Quality assurance of such applications presents a challenge because conventional software testing processes do not always apply: in particular, it is difficult to detect subtle errors, faults, defects or anomalies in many applications in these domains because there is no reliable “test oracle” to indicate what the correct output should be for arbitrary input. The general class of software systems with no reliable test oracle available is sometimes known as “non-testable programs” [19]; the fact that such programs exist is often referred to as “the oracle problem”. Many of these applications fall into a category of software that Weyuker describes as “Programs which were written in order to determine the answer in the first place. There would be no need to write such programs, if the correct answer were known” [19].

The majority of the research effort in the domain of machine learning focuses on building more accurate models that can better achieve the goal of automated learning from the real world. However, to date very little work has been done on assuring the correctness of the software applications that perform machine learning. Formal proofs of an algorithm’s optimal quality do not guarantee that an application implements or uses the algorithm correctly, and thus software testing is necessary.

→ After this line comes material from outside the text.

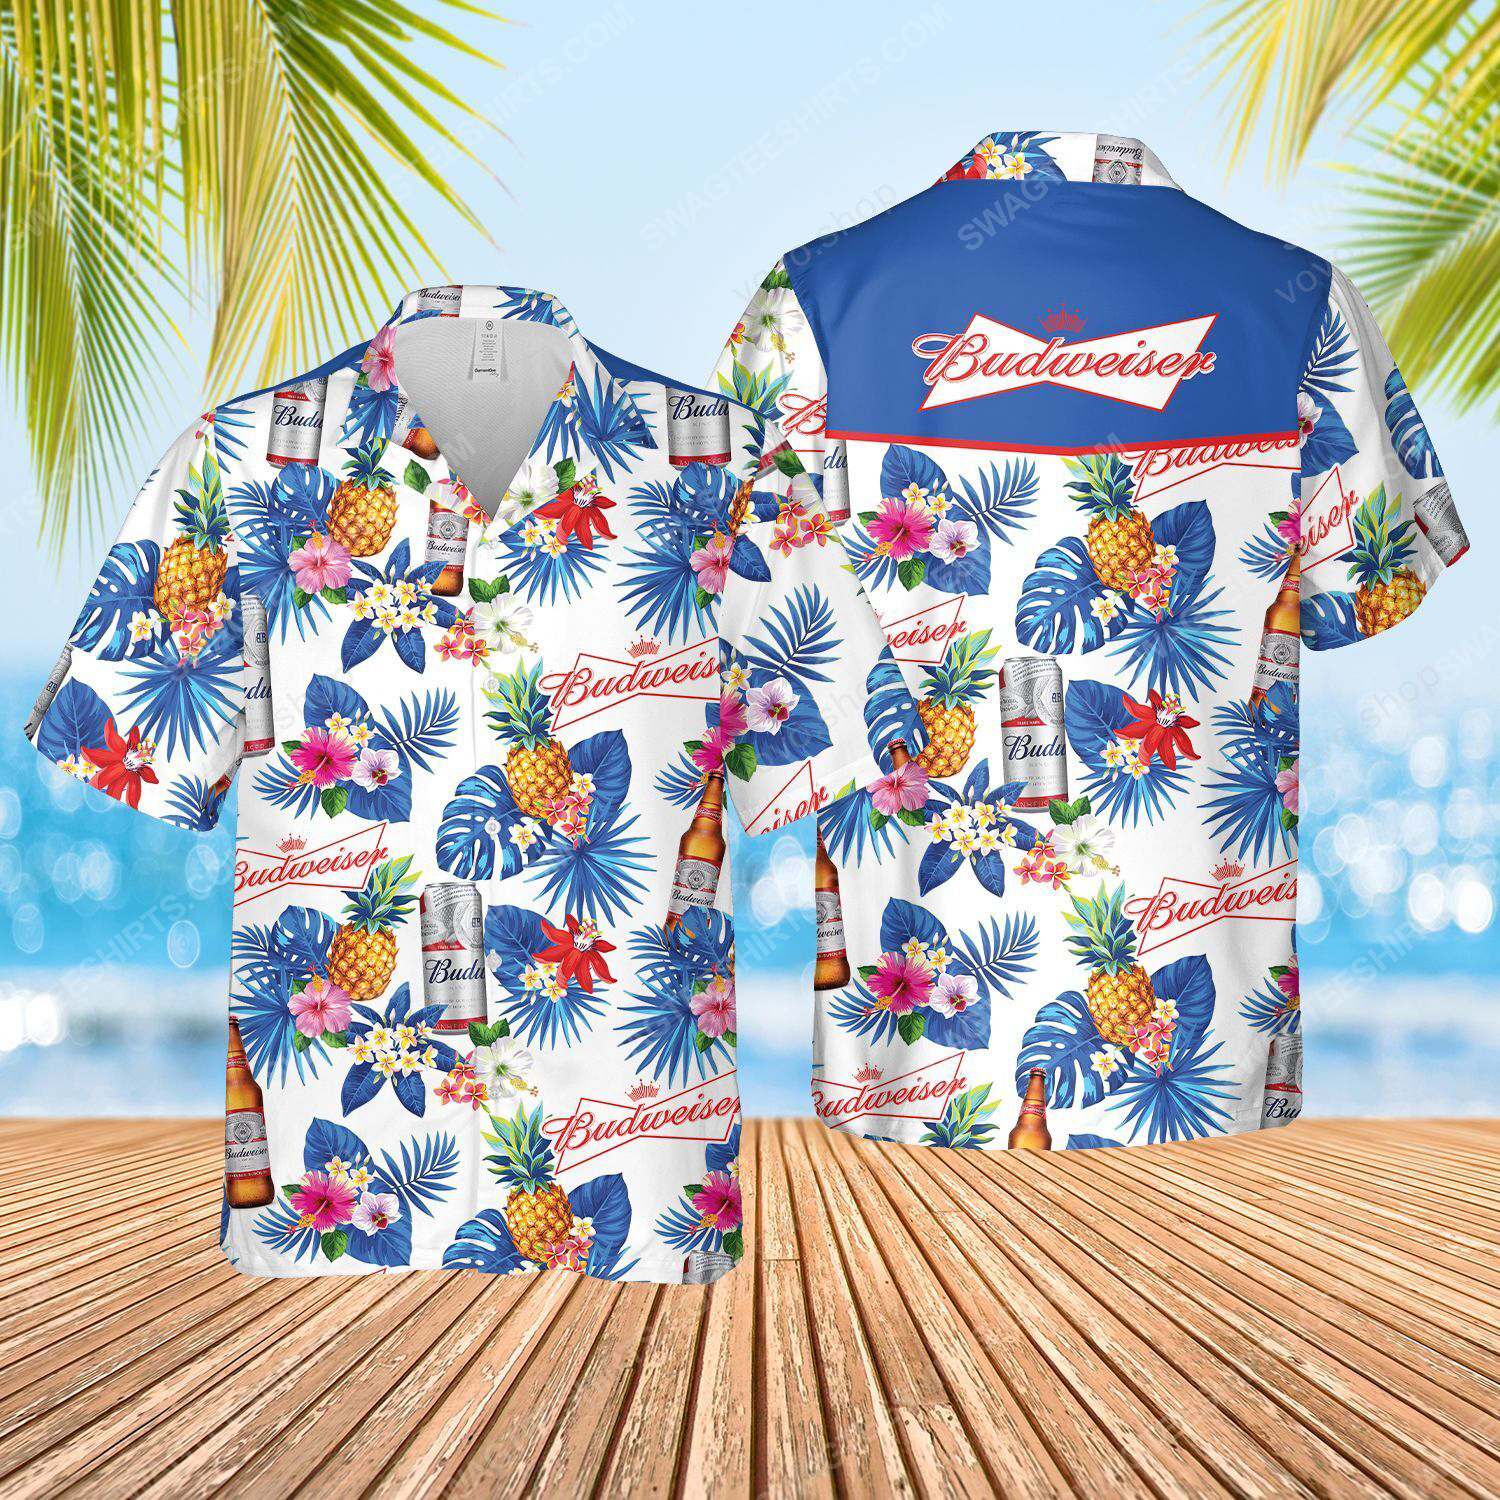 [special edition] Tropical budweiser beer full printed hawaiian shirt- maria

To help address the quality of scientific computing software, in this paper we present a technique for testing implementations of the supervised machine learning algorithms on which such software depends. Our technique is based on an approach called “metamorphic testing” [3], which uses properties of functions such that it is possible to predict expected changes to the output for particular changes to the input, based on so-called “metamorphic relations” between sets of inputs and their corresponding outputs. Although the correct output cannot be known in advance, if the change is not as expected, then either a defect in the implementation must exist, or there is a violation between the algorithm and the user’s expectation. In this way, we not only address the oracle problem so that it is possible to verify the implementation of the machine learning program, but we can also validate whether the chosen algorithm is an appropriate one to solve a given problem.

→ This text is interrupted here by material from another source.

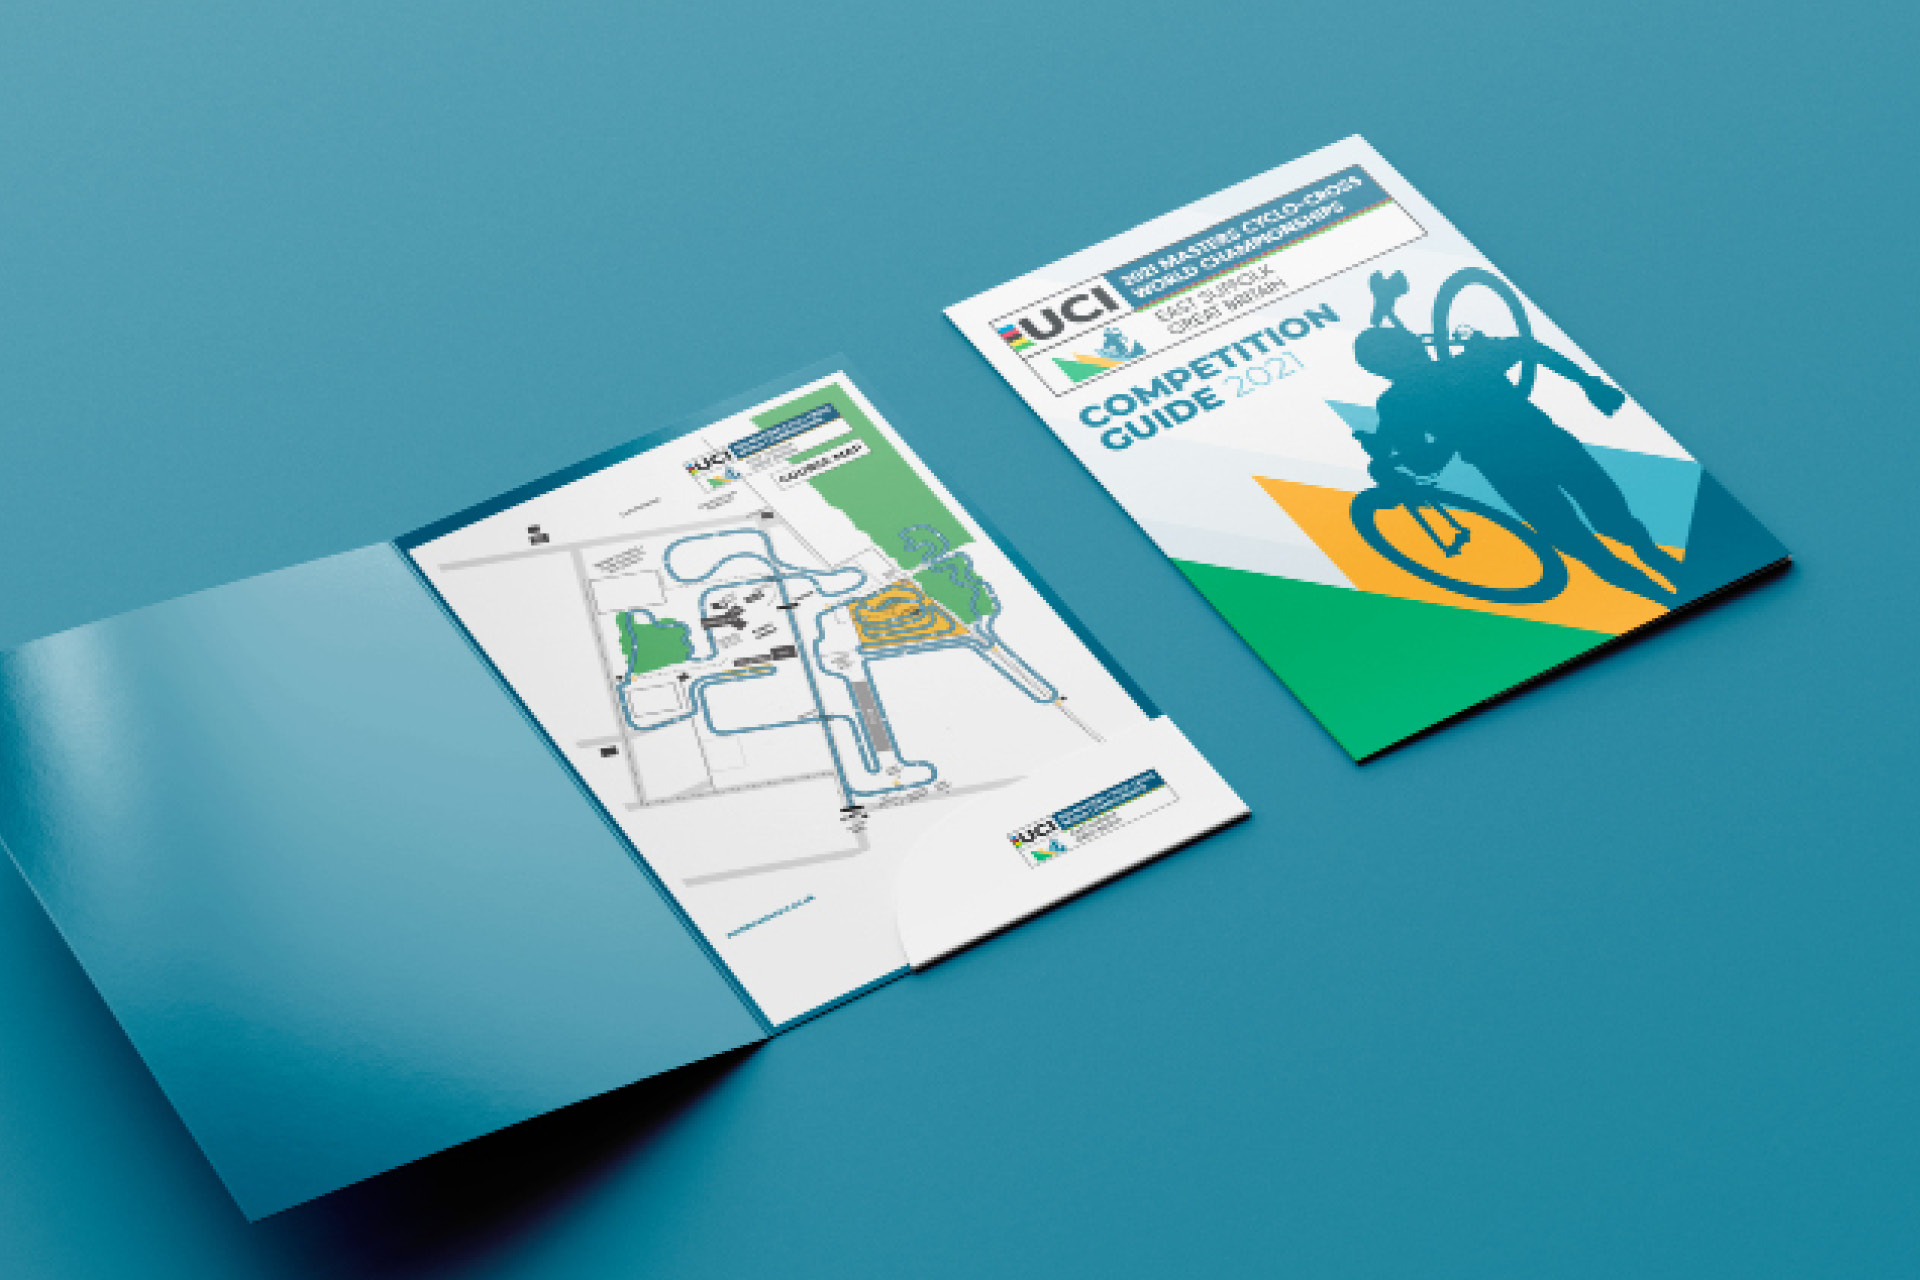 Uci masters cyclo-cross brochure folder design and print

In our approach, we first enumerate the metamorphic relations based on the expected behaviors of a given machine learning problem, and then utilize these relations to conduct metamorphic testing on the applications of interest. Our approach can serve both the purposes of verification and validation, of which details are presented in Section 3.

In addition to presenting our technique, we describe a case study we performed on the real-world machine learning application framework Weka [20], which is used as the foundation for such computational science tools as BioWeka [9] in bioinformatics. We also discuss how our findings can be of use to other areas of computational science and engineering, such as computational linguistics.

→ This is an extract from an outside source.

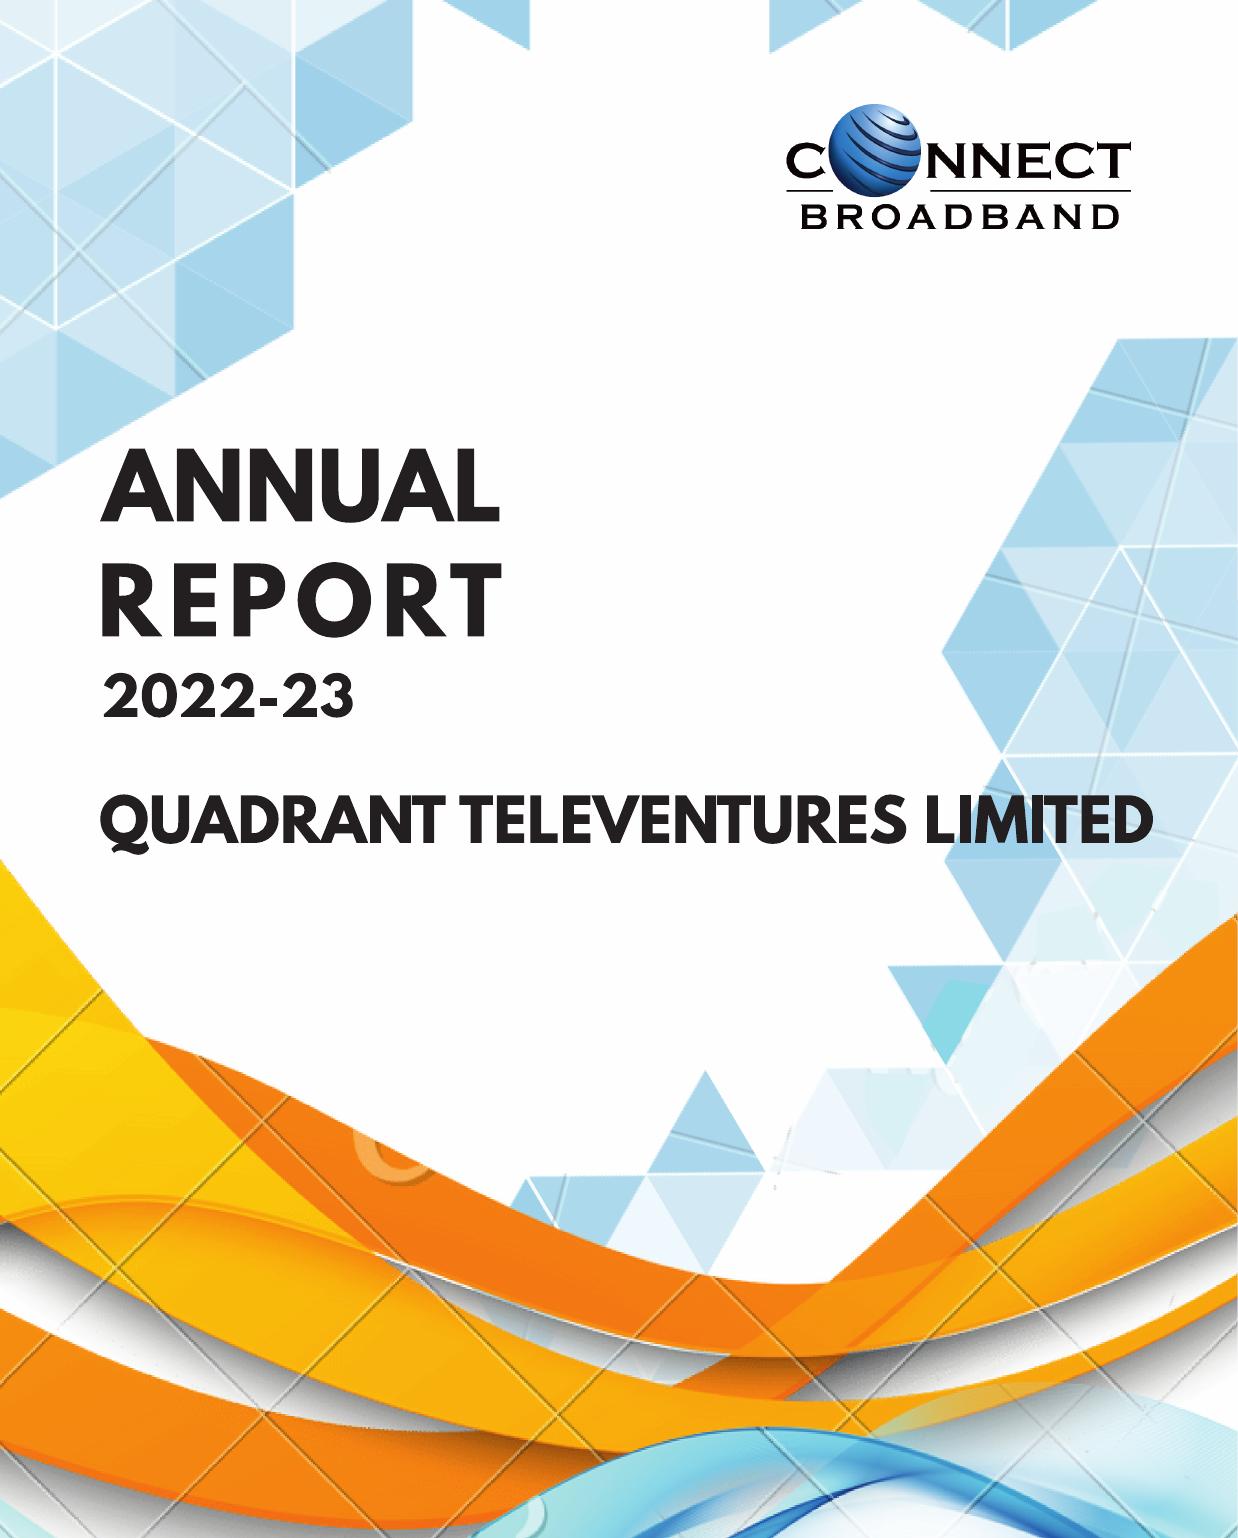 BLSATTESTATION 2022 Annual Report

The rest of this paper is organized as follows: Section 2 describes the background of our work, including an overview of machine learning and the particular algorithms we investigated. Section 3 discusses our testing approach and provides a further explanation of metamorphic testing. In Section 4, we present our findings in a case study of two machine learning algorithms, and analyze and discuss the results in Section 5 and Section 6. Section 7 identifies related work, and Section 8 concludes.

2. Background

This section describes some of the basics of machine learning and the two algorithms we investigated (k-Nearest Neighbors and Naïve Bayes Classifier) (we previously considered Support Vector Machines in [15]), as well as the terminology used. Readers familiar with machine learning may skip this section.

One complication in our work arose due to conflicting technical nomenclature: “testing”, “regression”, “validation”, “model” and other relevant terms have very different meanings to machine learning experts than they do to software engineers. Here we employ the terms “testing”, “regression testing”, and “validation” as appropriate for a software engineering audience, but we adopt the machine learning sense of “model”, as defined below.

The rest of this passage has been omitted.